— Жаль. Я его ценил, думал, он может выиграть конкурс. Но раз так вышло…
Я сидел на земле и не мог осознать реальность происходящего. Палыч сказал: «Жаль»? Значит, он не хочет помочь Сашке? Или не может? Неправда, я же могу, иначе скелет не стал бы шантажировать меня и Сашку похищать. Я решил внести ясность:
— Вы не поняли: его похитил скелет…
— Все я понял, — оборвал меня Палыч. — Где я теперь этого скелета найду? Дело ты сделал, всех закопал, заказчик доволен. Если ты не можешь найти могилы, значит, заказчик их уже забрал.
Я ни черта не понял:
— Какой заказчик?
— Откуда я знаю! — Палыч явно терял терпение. — Может, кладбищенская ведьма, может, еще кто. Дело корпорации — выполнять работу, а кто ее заказал и зачем, я сам не всегда знаю.
Народ у костра с любопытством смотрел на меня. Леха ухмылялся, девчонки перешептывались. Что же делать? Я не знал и спросил совсем глупо:
— А куда их забрали. Могилы, а?
Девчонки заржали, а Палыч разозлился:
— На кладбище, куда еще?! Где могилы бывают, не знаешь, что ли?! На какое — понятия не имею, наше дело сделано, остальное меня не касается.
А девчонки ржали. Ничего, это они перед Палычем выслуживаются. Соберемся после работы, они мне помогут найти Сашку. Вместе же вчера праздновали… Палыч брезгливо оглядел меня, щелкнул пальцами, и одежда на мне разом высохла.

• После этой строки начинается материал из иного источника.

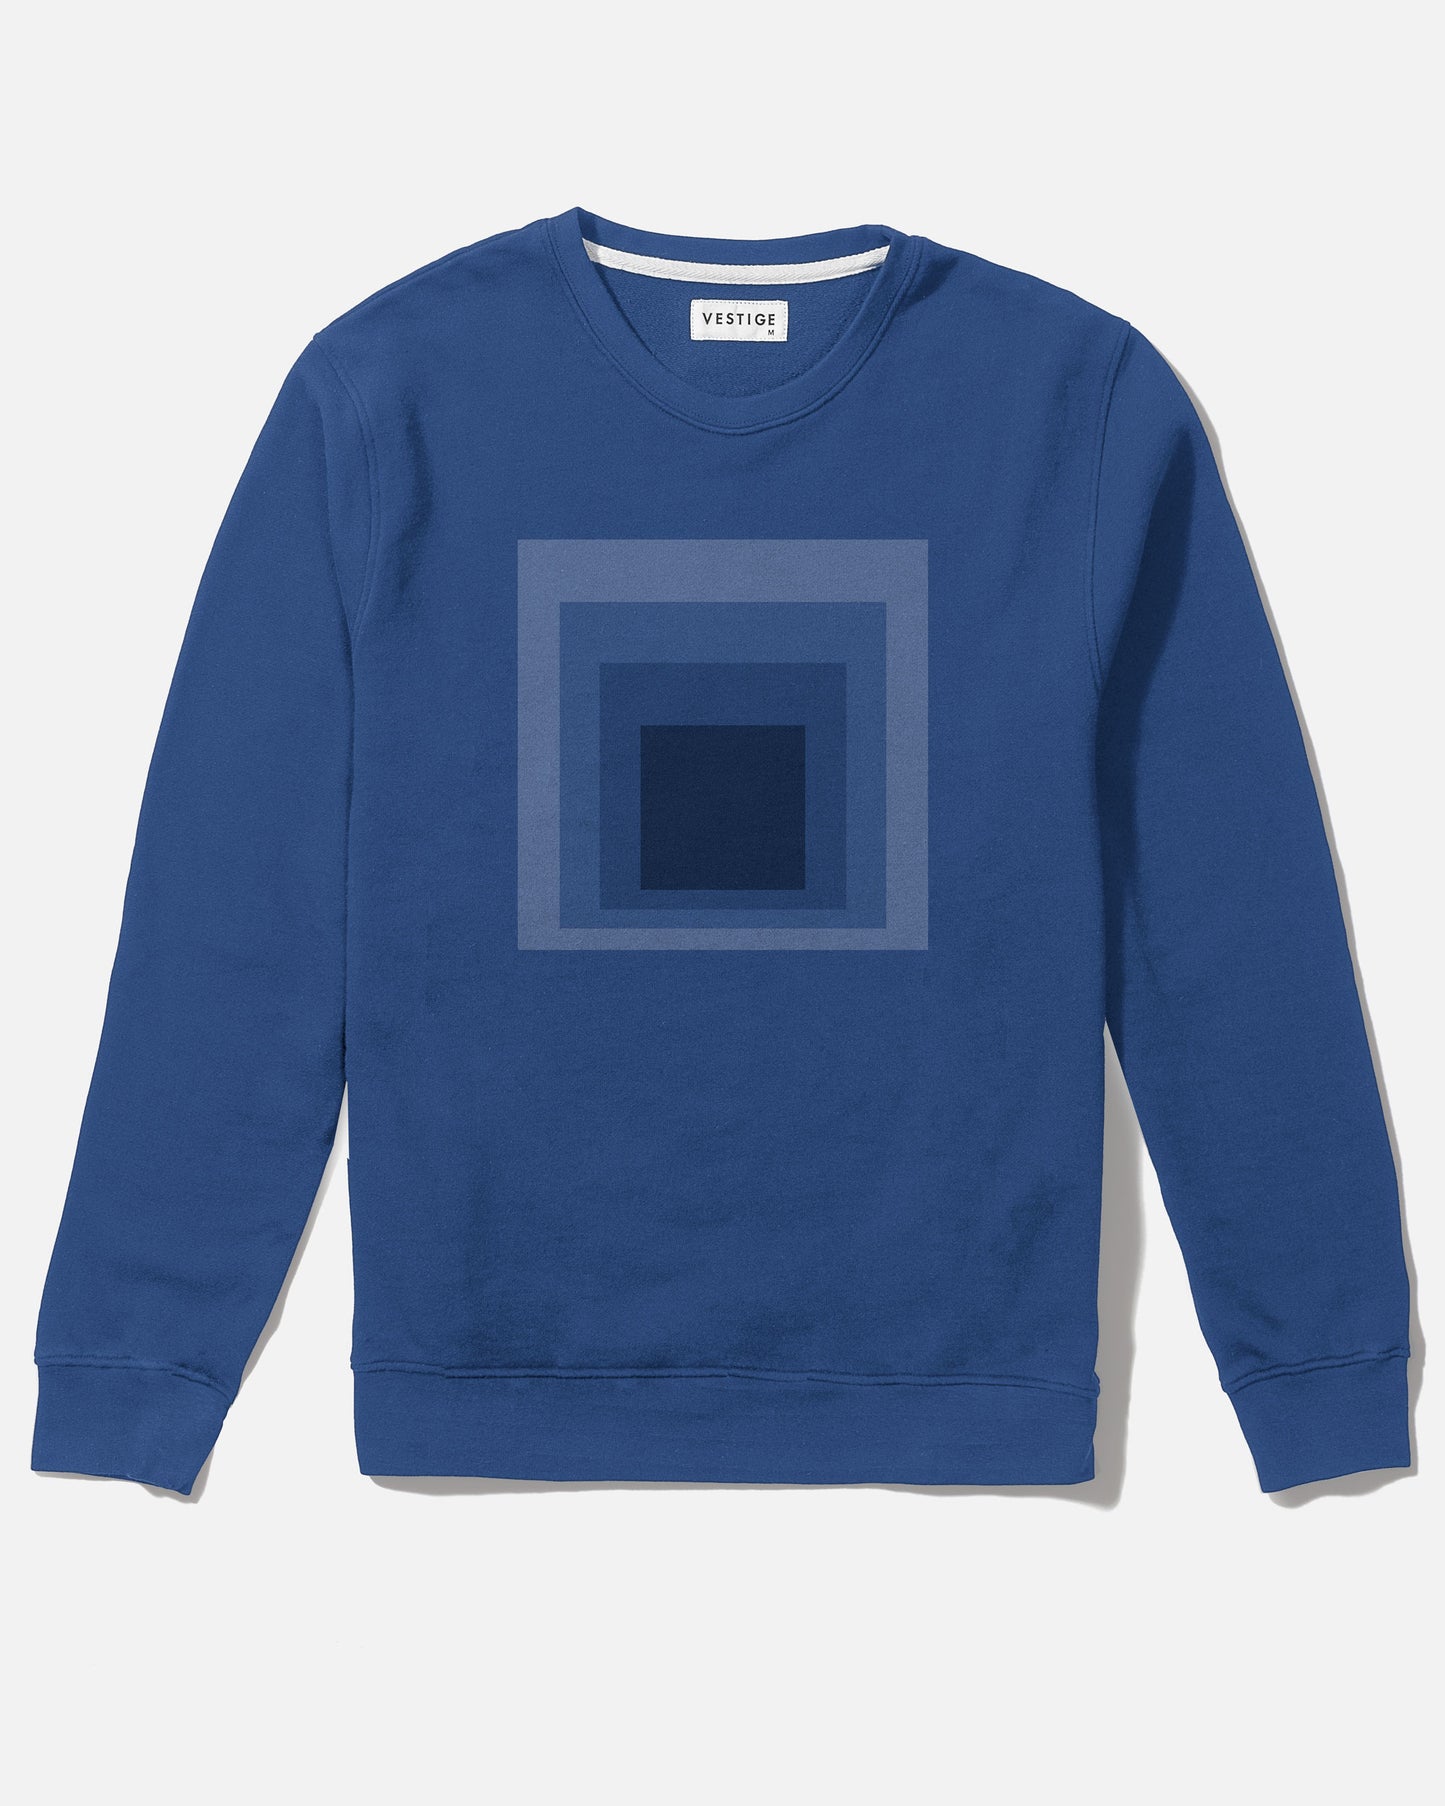 Homage to the Square Sweatshirt, Blue

— Ты работать собираешься сегодня? Про конкурс помнишь? Минус один балл тебе — за опоздание, еще минус один — за глупые вопросы. Одно чудо ты мне уже должен. — Он кивнул на мою высушенную одежду. — Дом с привидениями и тела висельников. За двоих сегодня работаешь, вперед!
И я оказался в своем офисе, век бы его не знать.
Офис был дощатый и темный. Я разглядел огромную дыру в полу, паутину на комоде, разбитое окно и луну на улице. В руках у меня блестела банка с крышкой. Значит, в нее привидений загоняют? Интересно, где они? Мне надо быстро управиться, чтобы Сашку найти…
Кто-то коснулся моей щеки: здравствуй, первое! Надеюсь, ты не кусачее, потому что мне некогда с тобой возиться. Я обернулся и увидел дым. Просто дым, как от костра или сигареты. Вот как выглядит привидение! Очень хорошо, сейчас мы его загоним в баночку… Я открыл крышку и помахал рукой, загоняя дым. Дым статично замер, как нарисованный, потом сделал круг у меня над головой. Пока делал, у дыма нарисовались дырки — глаза и полоска — рот. Забавное, если честно, зрелище, только ловить надо, а не любоваться. Я занес руку с банкой.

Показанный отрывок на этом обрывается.